Sundown
Cross-cover at midnight
Agitated and delirious patients are a familiar overnight page for any hospitalist, and the answer is rarely straightforward. The night clinician is often cross-covering dozens of patients they haven't personally admitted, and the differential is wide — it could be a life-threatening cause that needs work-up now, or a patient who needs reorientation and a calm presence at the bedside. Delirium affects roughly one in five hospitalized older adults and is independently associated with longer length of stay, higher in-hospital mortality, falls, sitter requirements, and post-discharge cognitive decline.
In most modern hospitals, the page arrives through a HIPAA-protected secure-messaging app on the clinician's phone. The standard-of-care workup is well-established. The difficulty is not knowledge. It's assembly under load. A thorough chart review at the moment of the page — the anticholinergic burden, the recent deliriogenic exposures, the missed urinalysis, the untouched bowel regimen, the QTc that matters if antipsychotics are considered — takes longer than the minute or two the hospitalist has before walking to the bedside, especially on a night when the emergency room is also calling.

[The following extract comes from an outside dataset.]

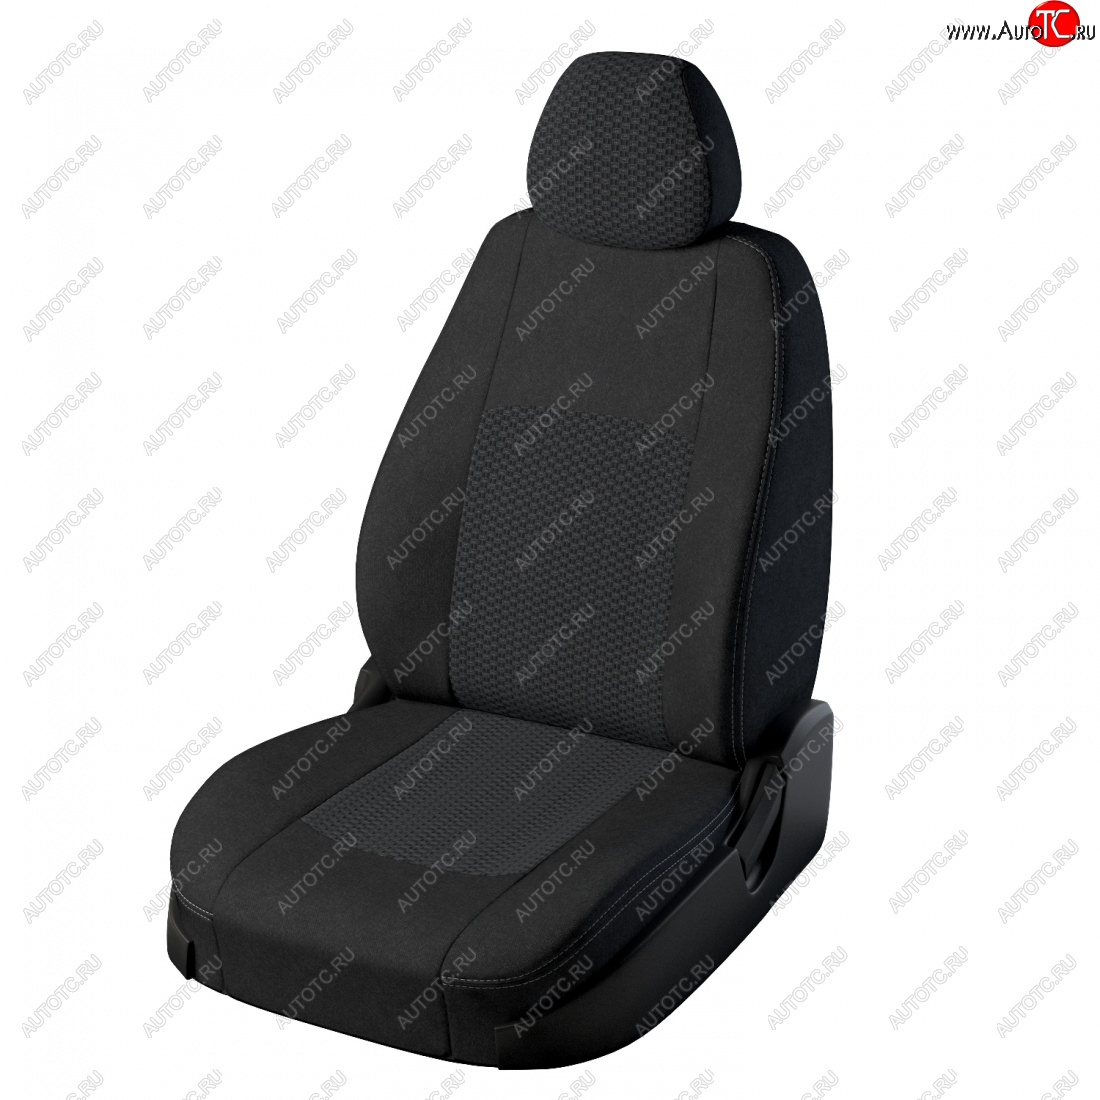 4 799 р. Чехлы для сидений Lord Autofashion Турин (жаккард)  Hyundai Sonata  EF (2001-2013) (Чёрный, вставка Вега)

Sundown is a small experiment in what could happen in that minute. In the prototype, when a simulated secure message contains a delirium or agitation signal, a deterministic chart review runs against an evidence-anchored set of items — recent deliriogenic medications, anticholinergic burden, Foley status, last bowel movement, electrolytes, QTc, baseline cognitive status, sensory aids, recent procedures. Items that should be present but aren't are surfaced as gaps. The hospitalist reads one screen on the way to the bedside, walks in with the differential already narrowing, and gets to the assessment faster.
Same shape as Lowfire and Foldspace. The chart and the references are the source of truth — Beers criteria, the anticholinergic burden calculator, AAFP and StatPearls workup standards. AI handles the language only. The clinician examines the patient and decides what matters.